WHAT TO PRODUCE: Without including any images, repeat the listing below exactly.

COLLECTED DATA:
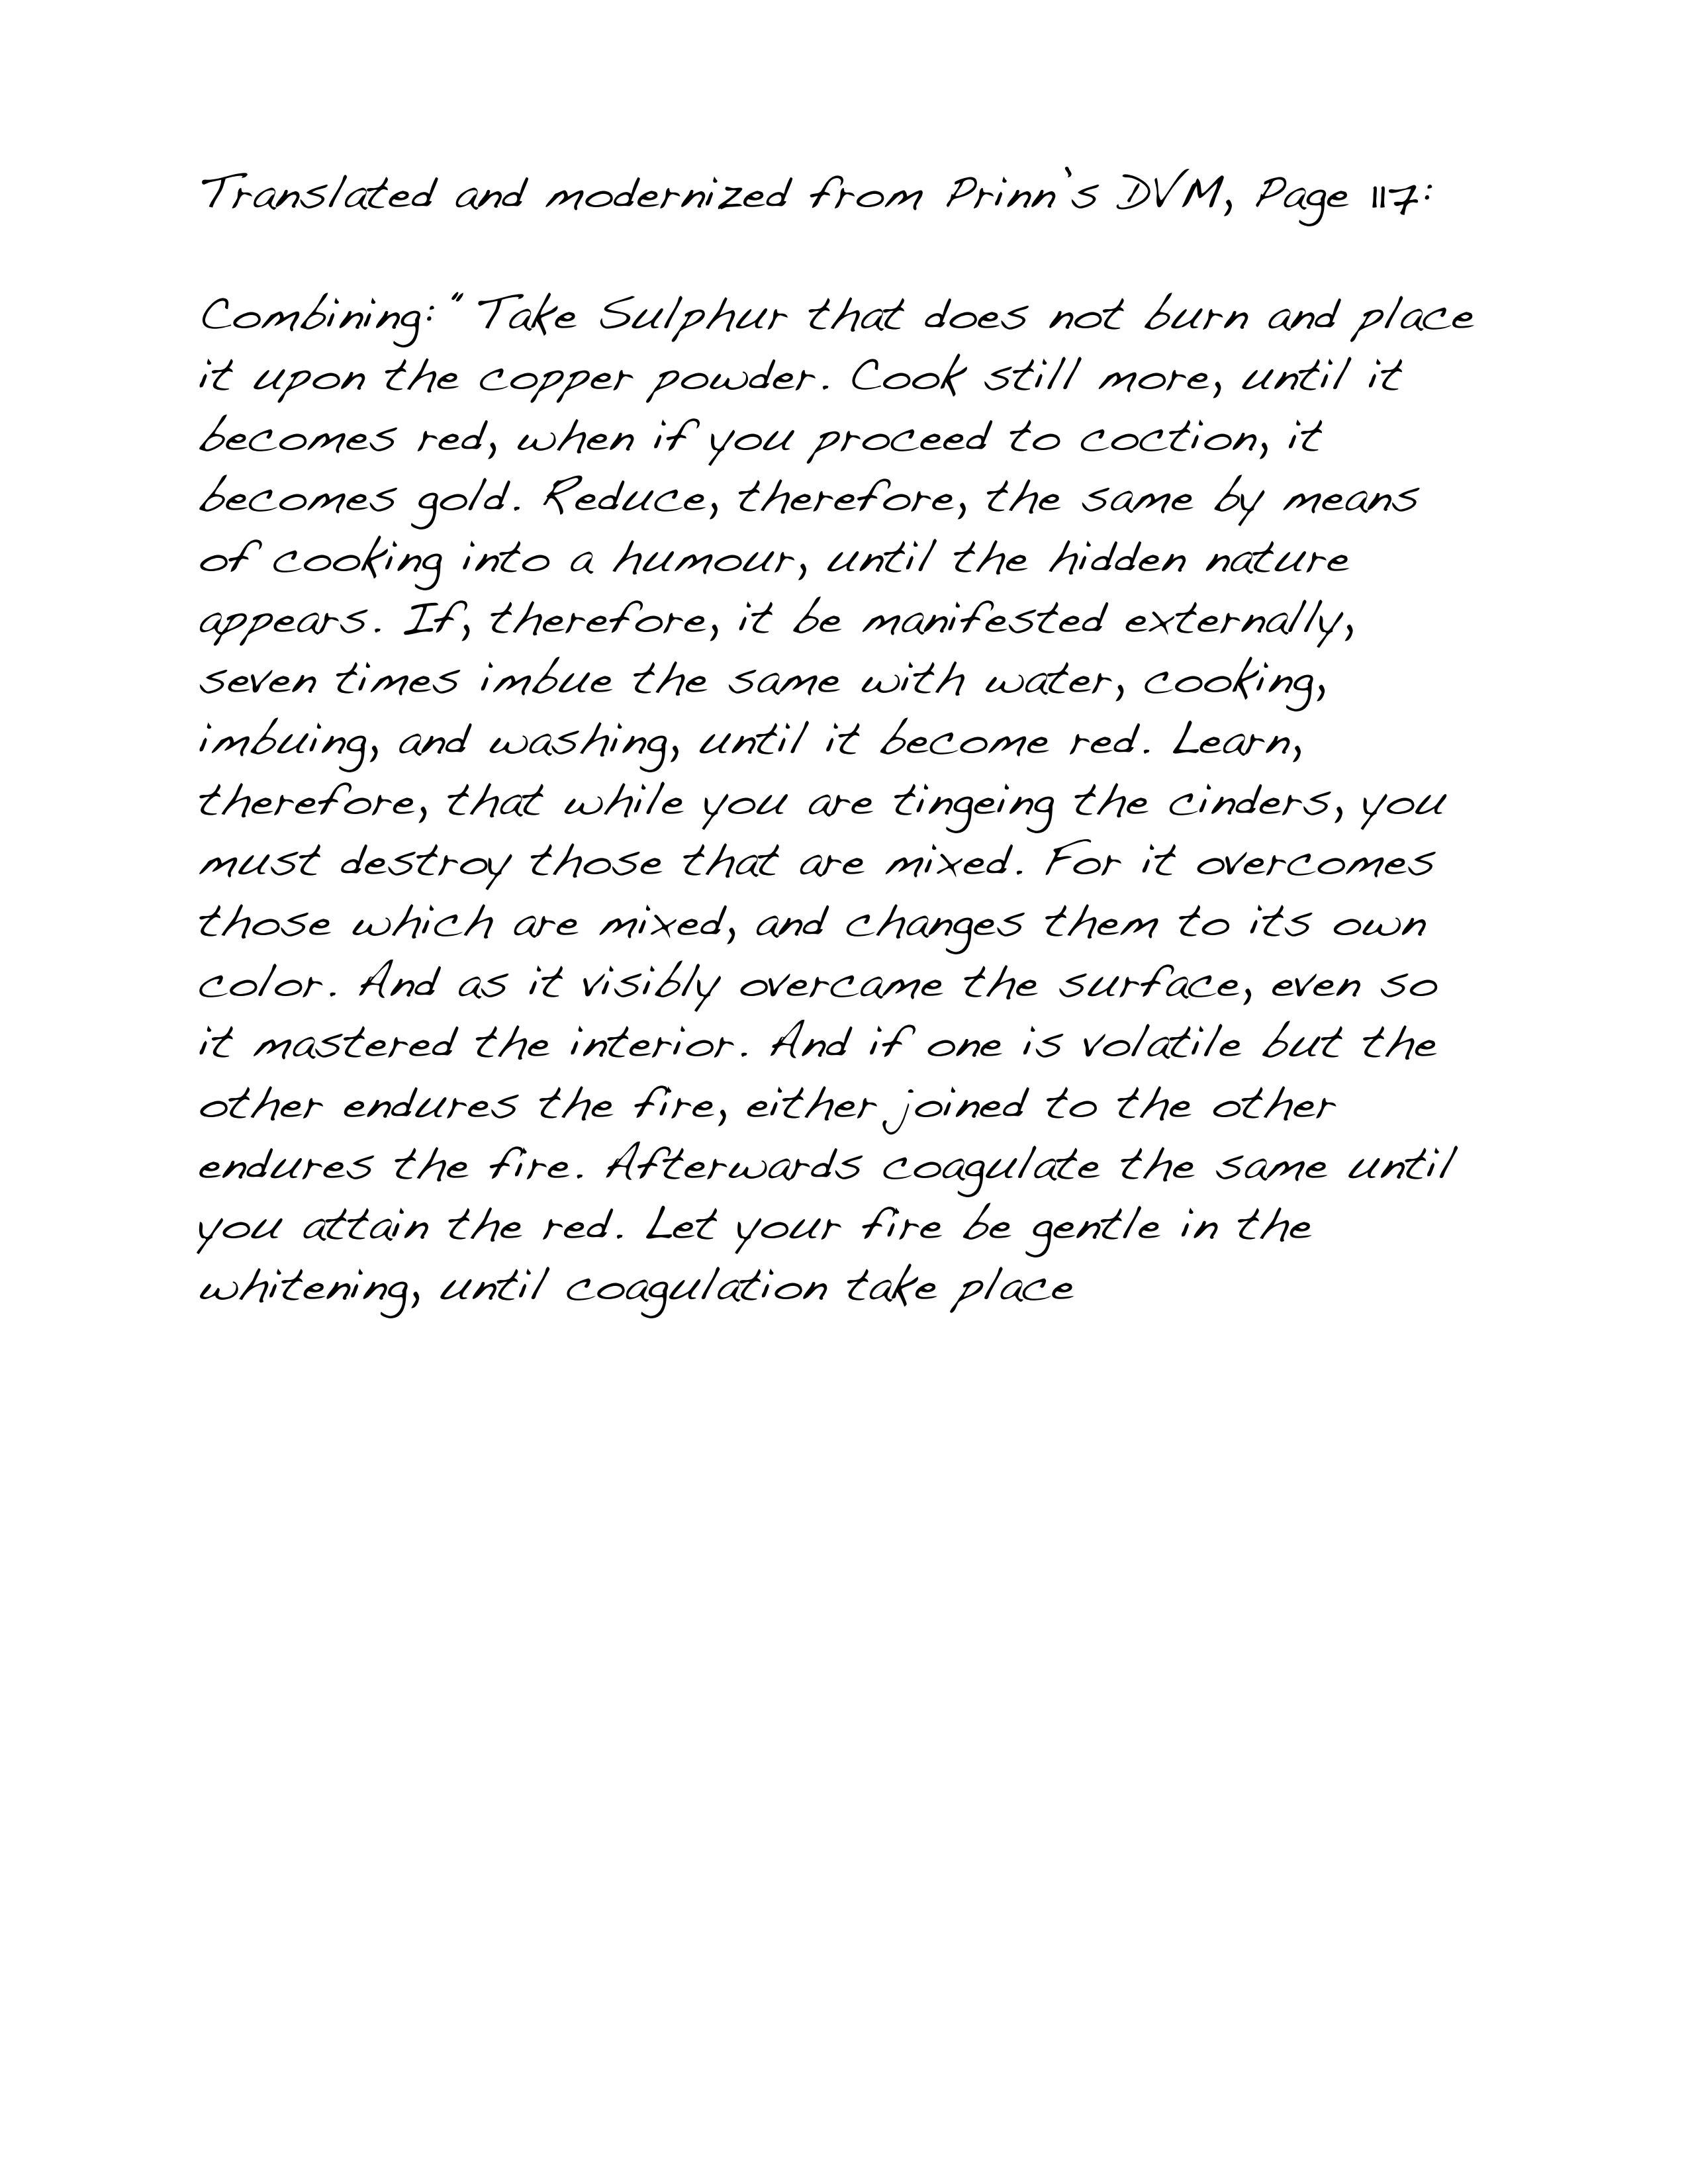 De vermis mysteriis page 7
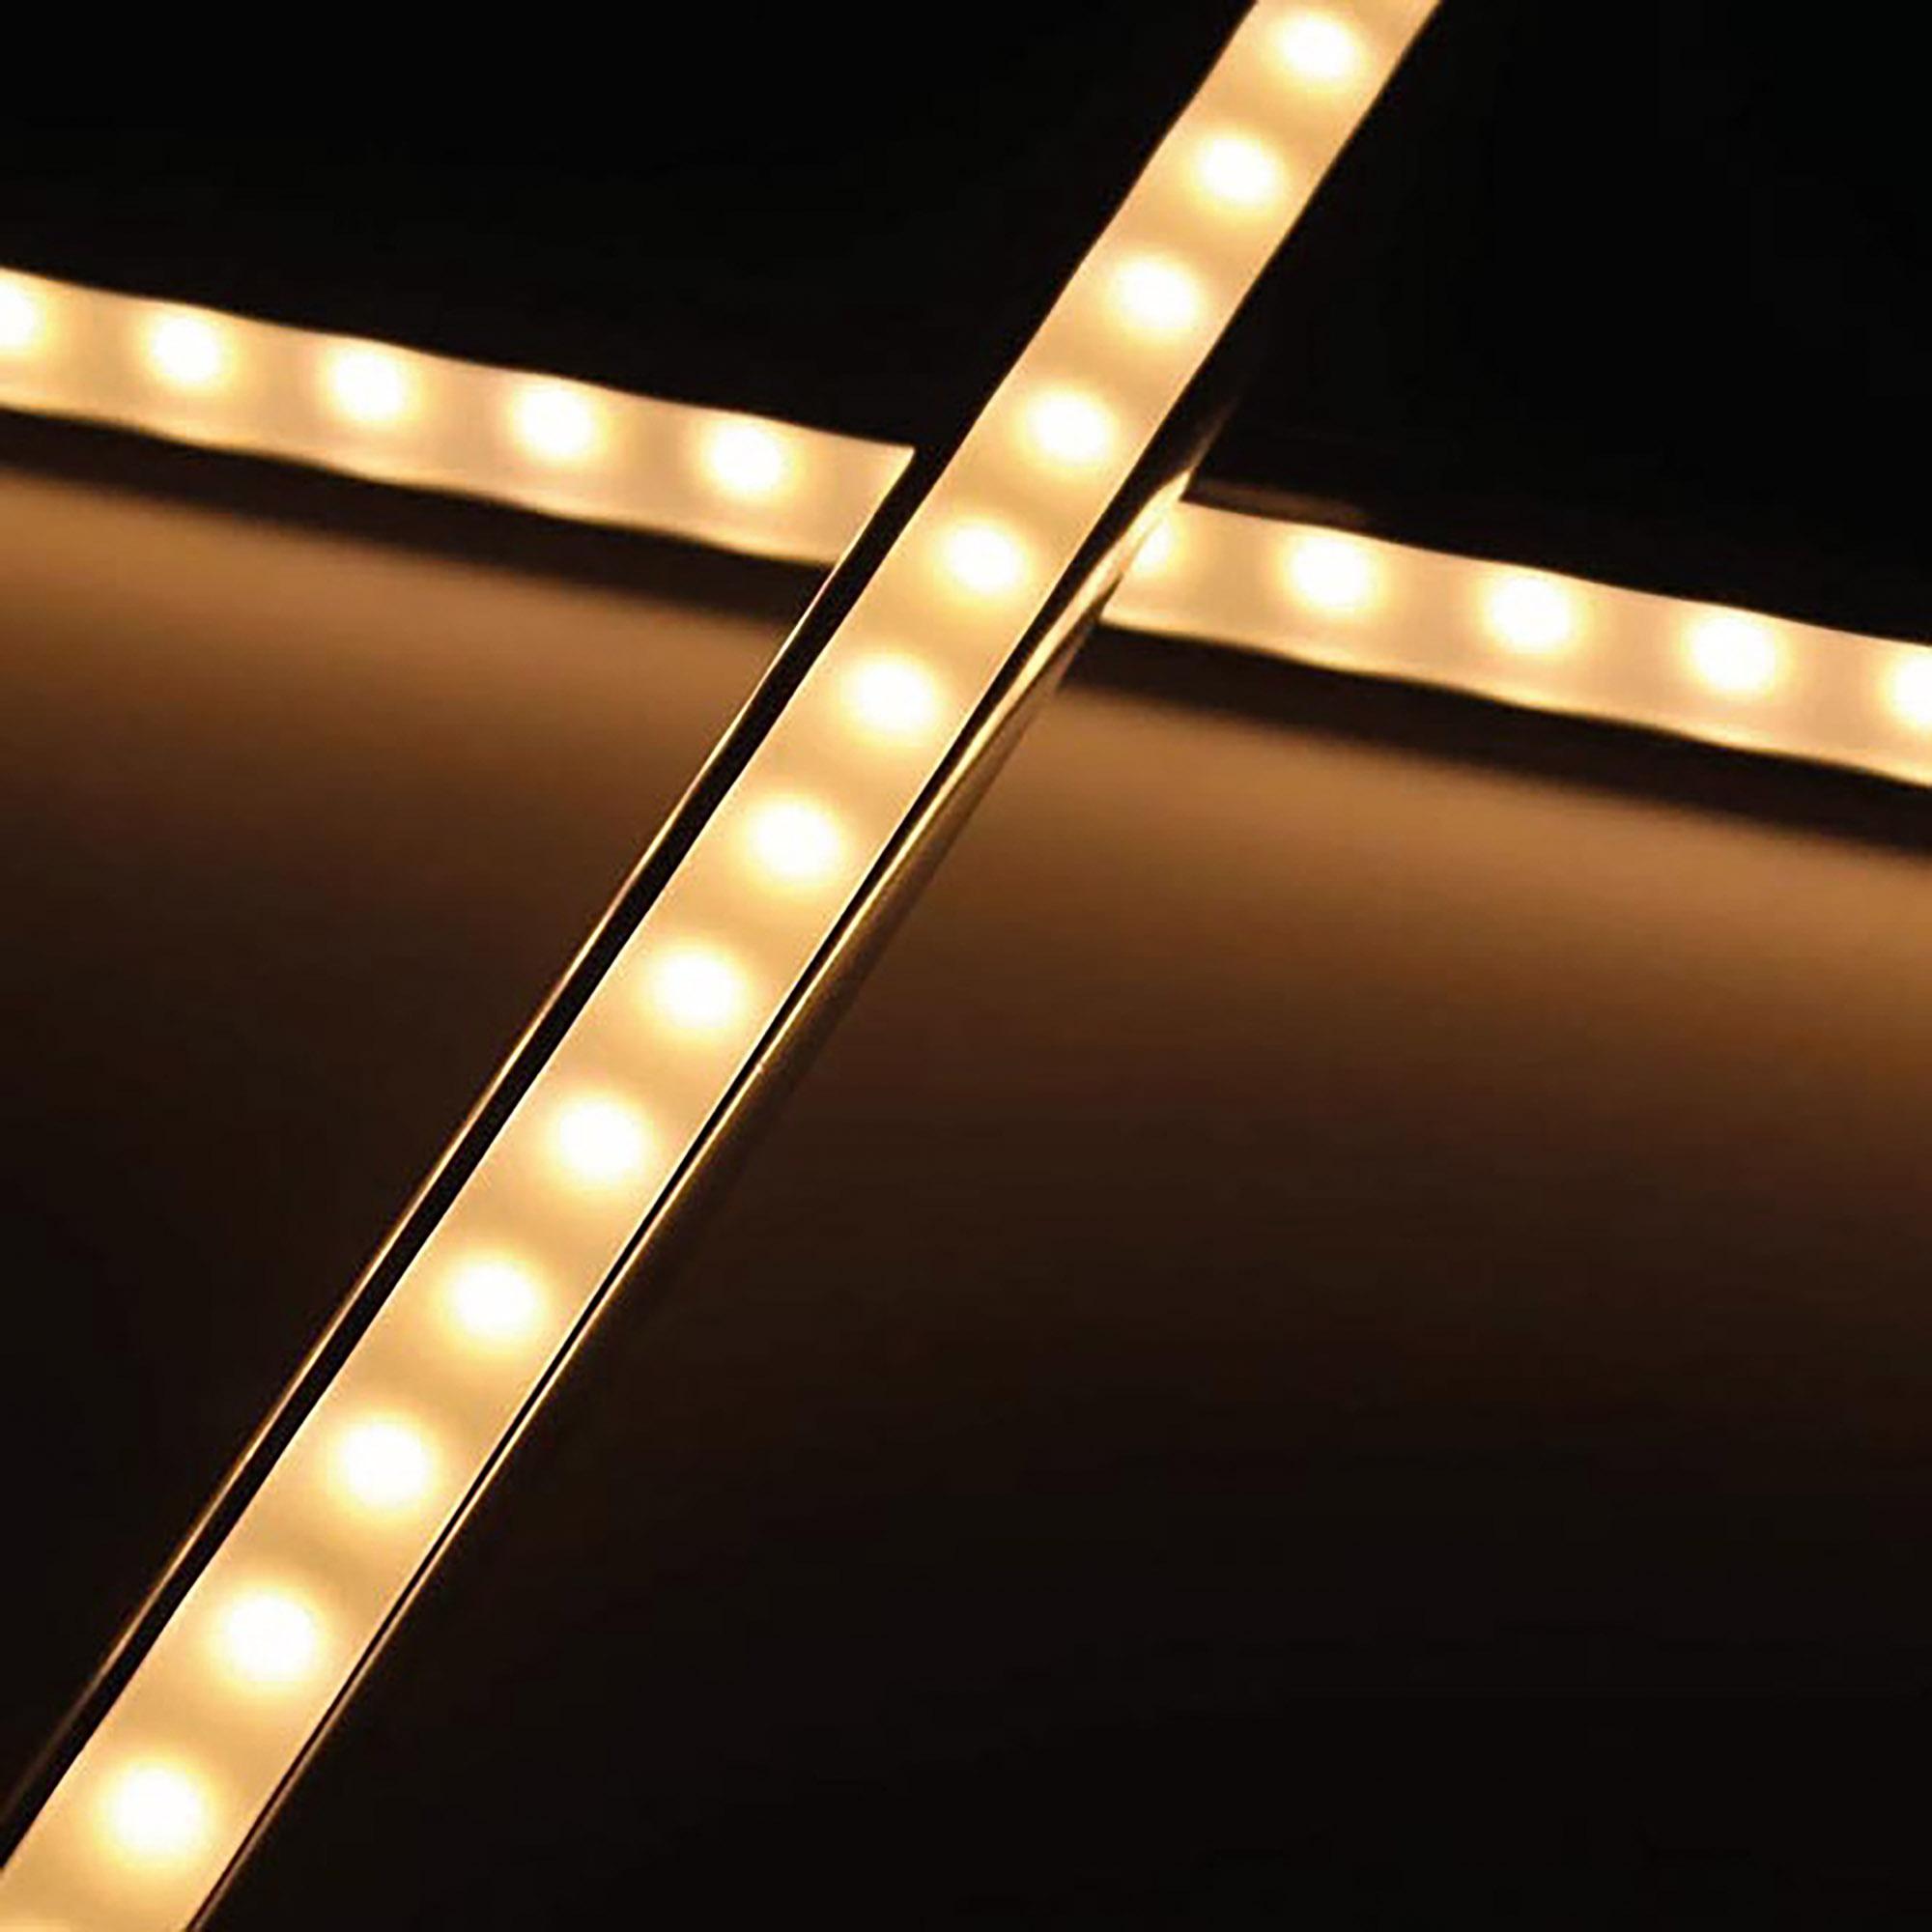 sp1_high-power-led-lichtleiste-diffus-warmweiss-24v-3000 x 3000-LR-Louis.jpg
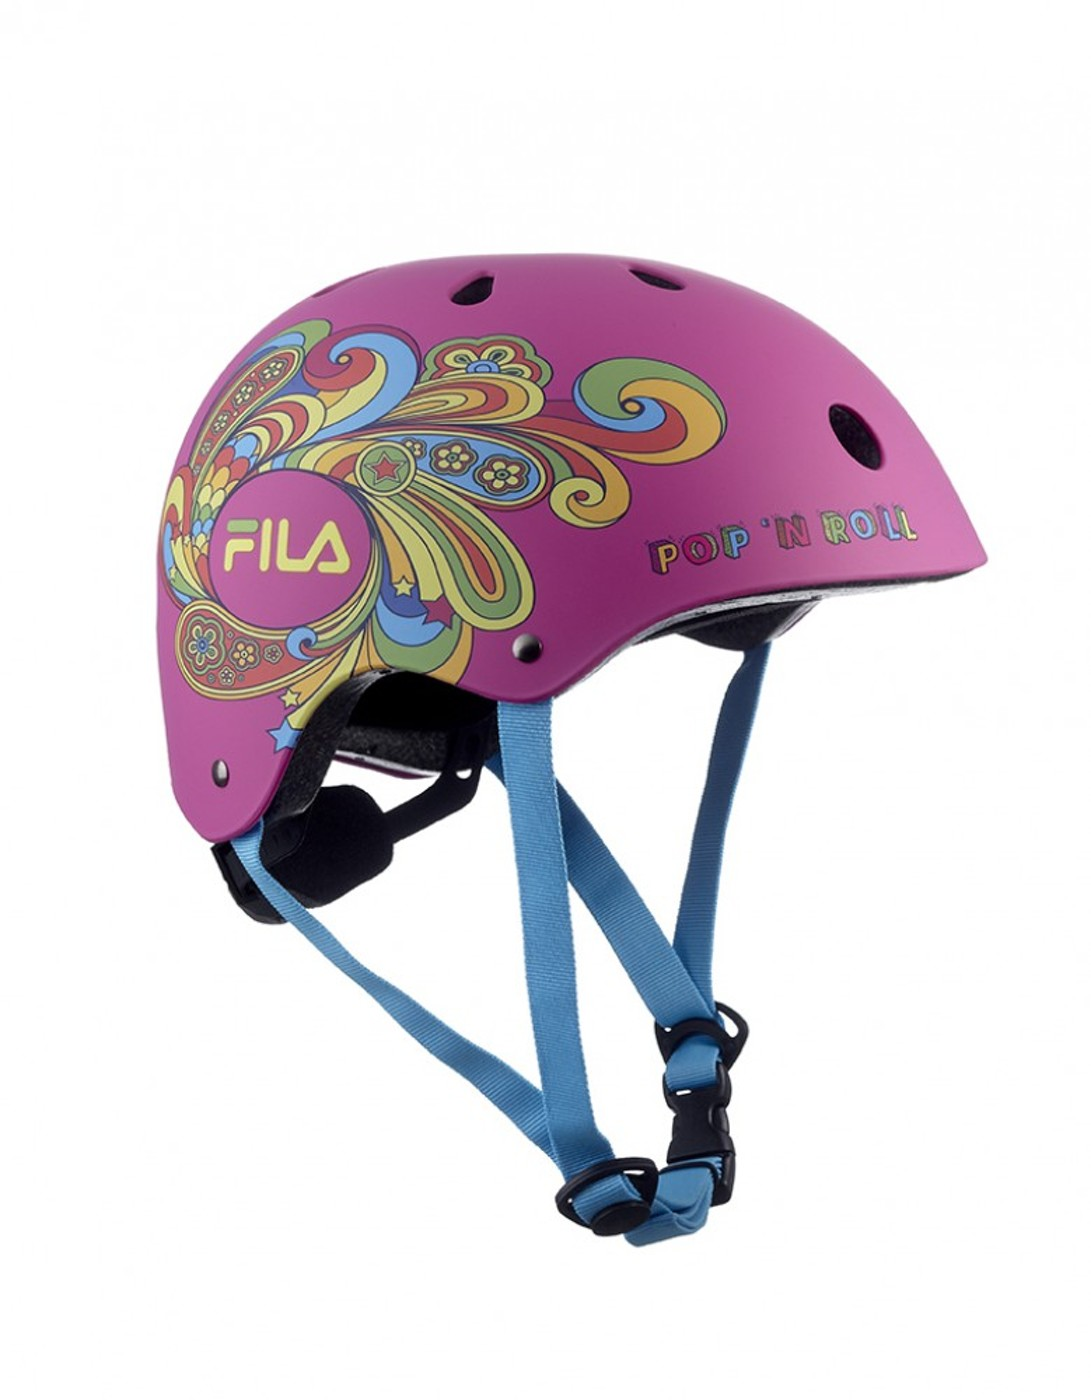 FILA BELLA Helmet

TASK RESULT:
 De vermis mysteriis page 7
 sp1_high-power-led-lichtleiste-diffus-warmweiss-24v-3000 x 3000-LR-Louis.jpg
 FILA BELLA Helmet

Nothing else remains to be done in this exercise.